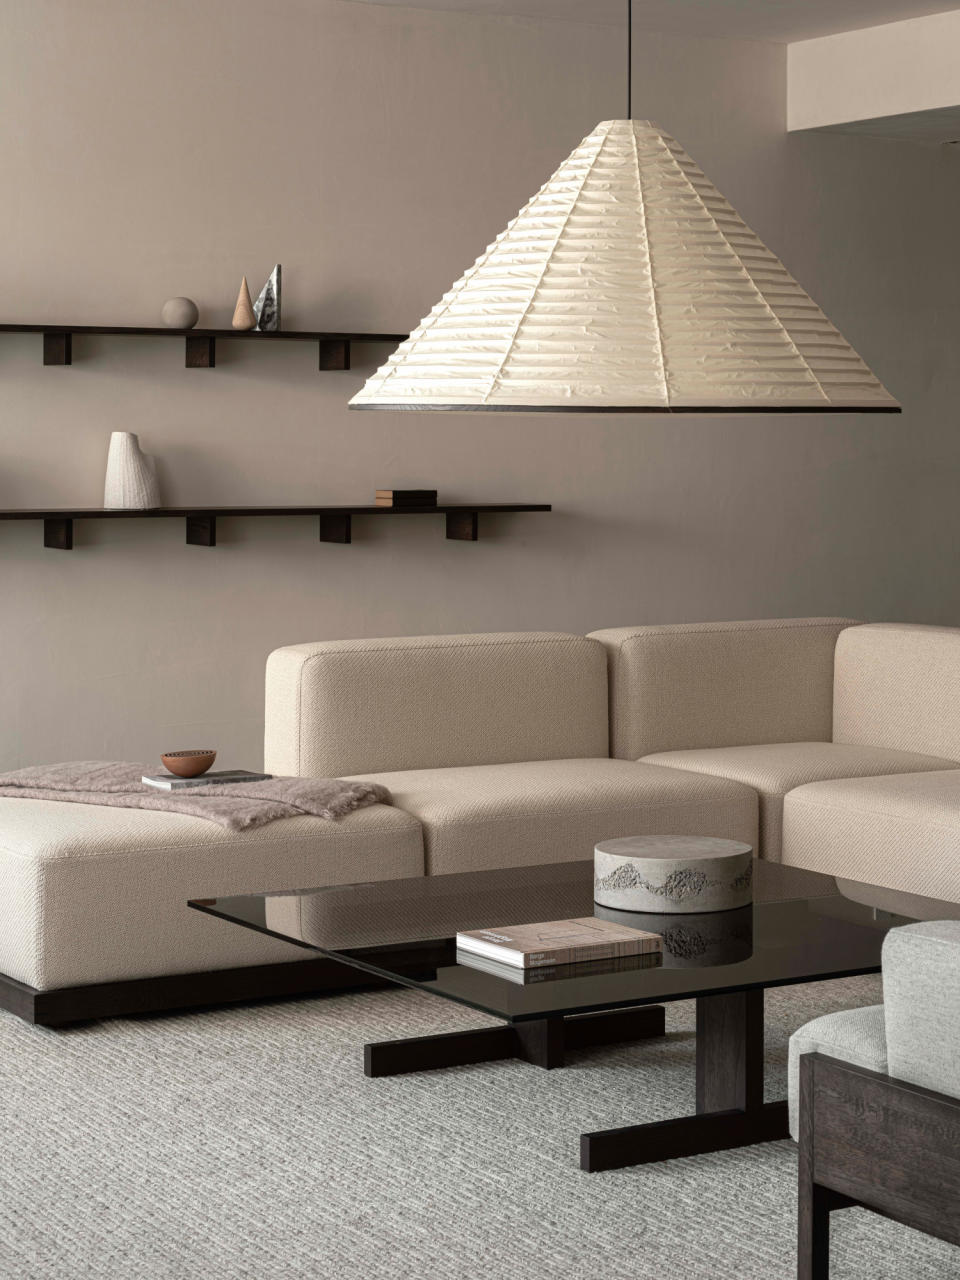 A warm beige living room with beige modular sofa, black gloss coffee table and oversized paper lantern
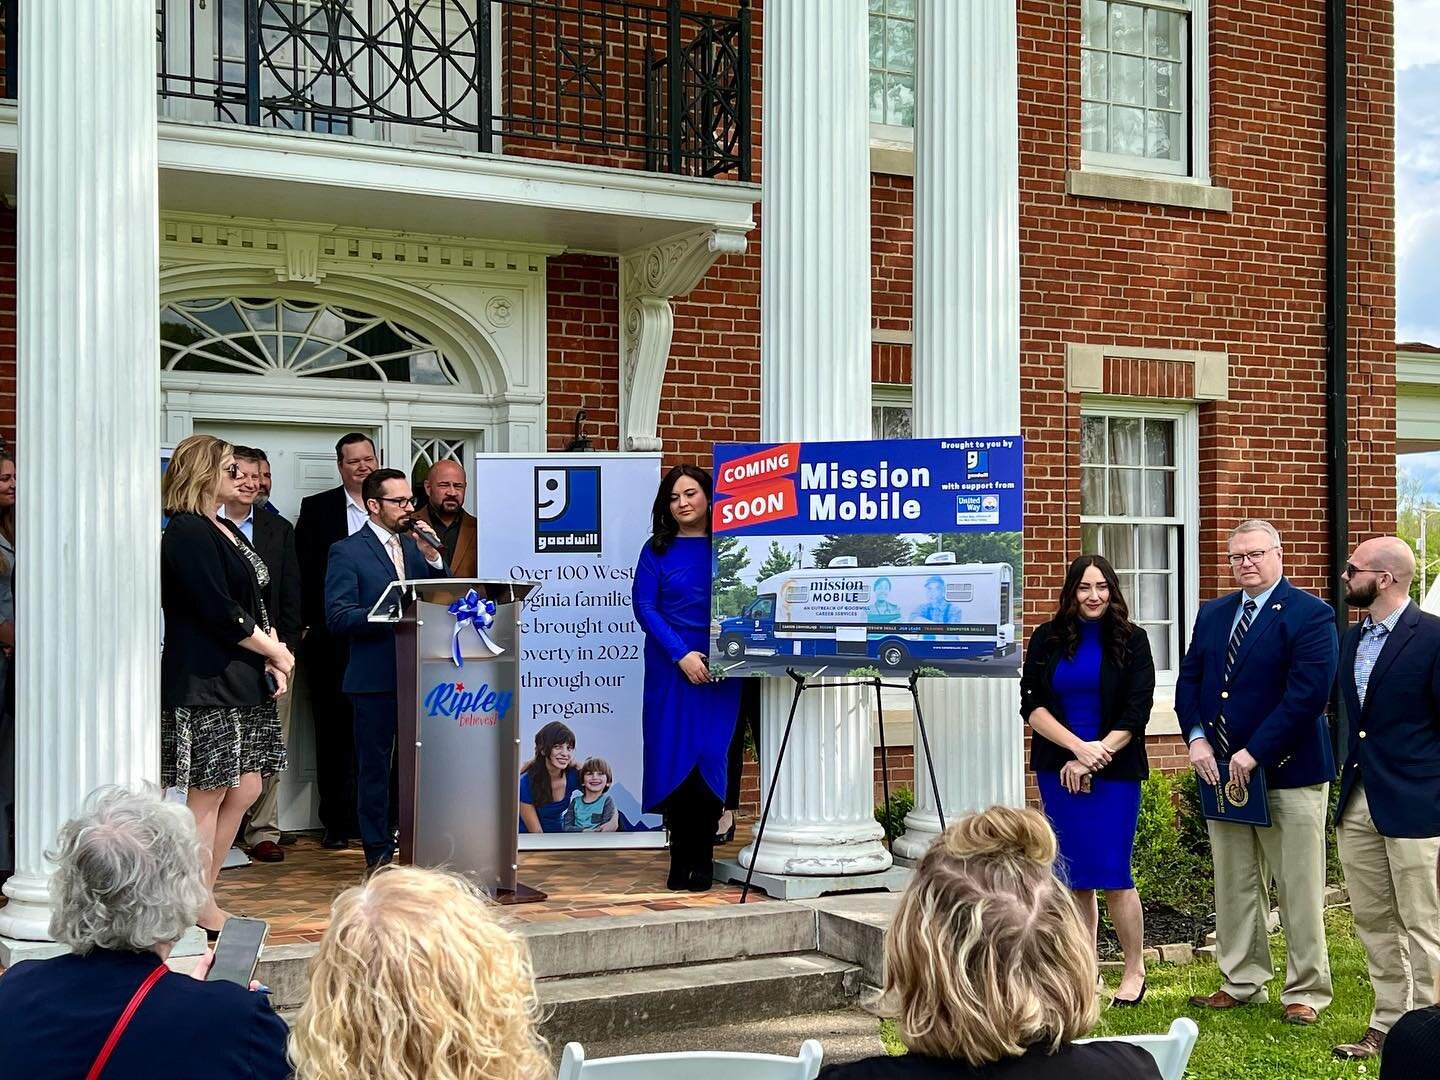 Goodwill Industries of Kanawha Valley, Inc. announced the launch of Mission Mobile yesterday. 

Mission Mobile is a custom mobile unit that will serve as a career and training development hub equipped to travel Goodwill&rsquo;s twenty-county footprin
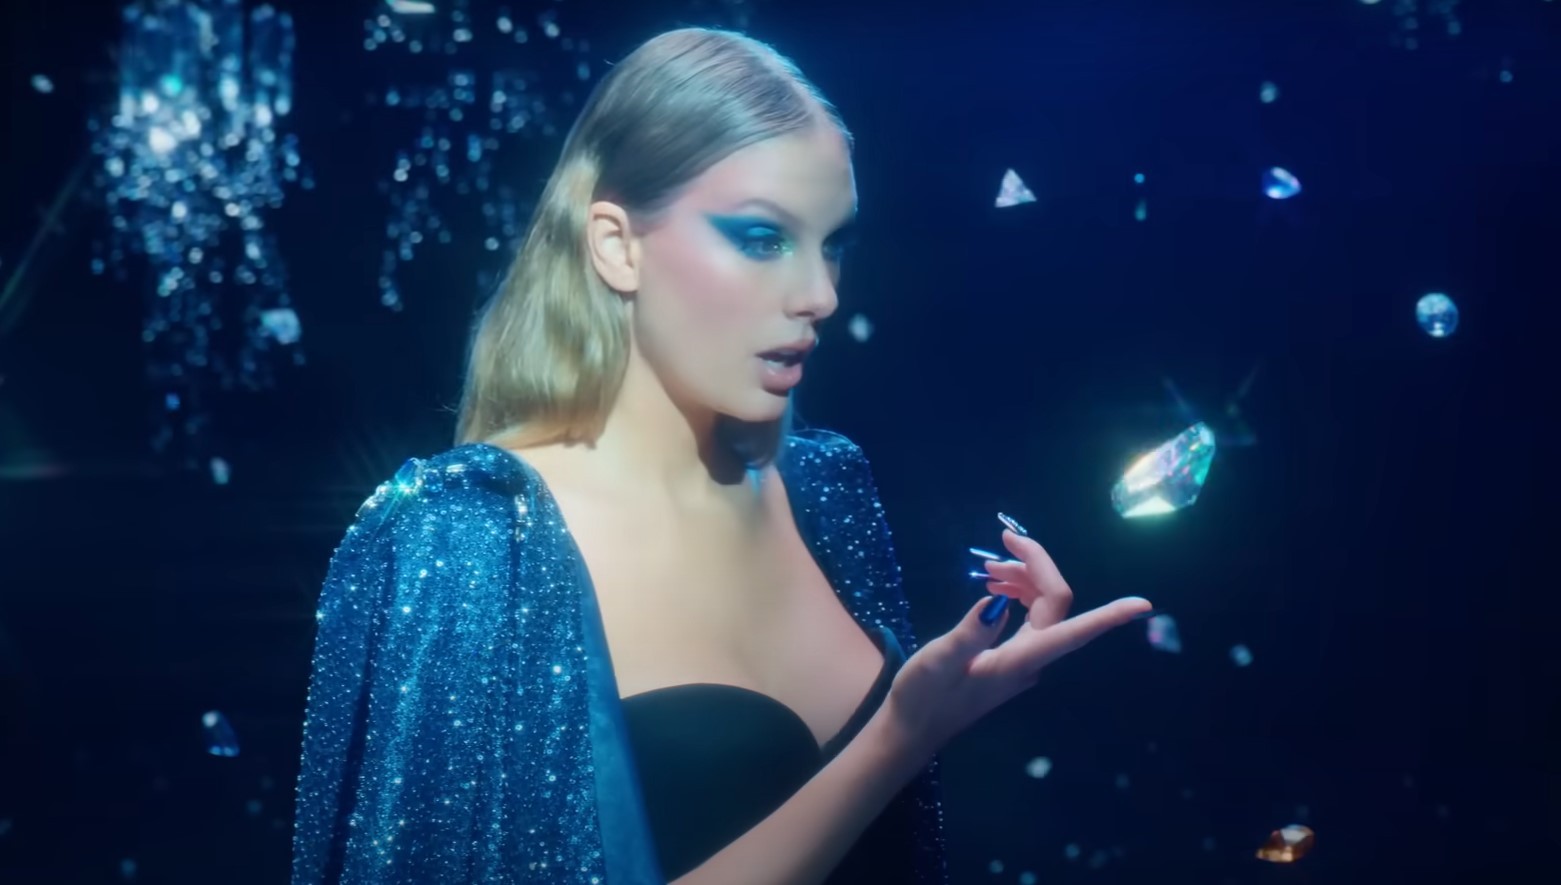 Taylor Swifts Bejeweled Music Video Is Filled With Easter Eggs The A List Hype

--

## The task
Please return the full listing word for word, but without any pictures.

## Answer box
 A warm beige living room with beige modular sofa, black gloss coffee table and oversized paper lantern
 Goodwill Industries of Kanawha Valley, Inc. announced the launch of Mission Mobile yesterday. 

Mission Mobile is a custom mobile unit that will serve as a career and training development hub equipped to travel Goodwill&rsquo;s twenty-county footprin
 Taylor Swifts Bejeweled Music Video Is Filled With Easter Eggs The A List Hype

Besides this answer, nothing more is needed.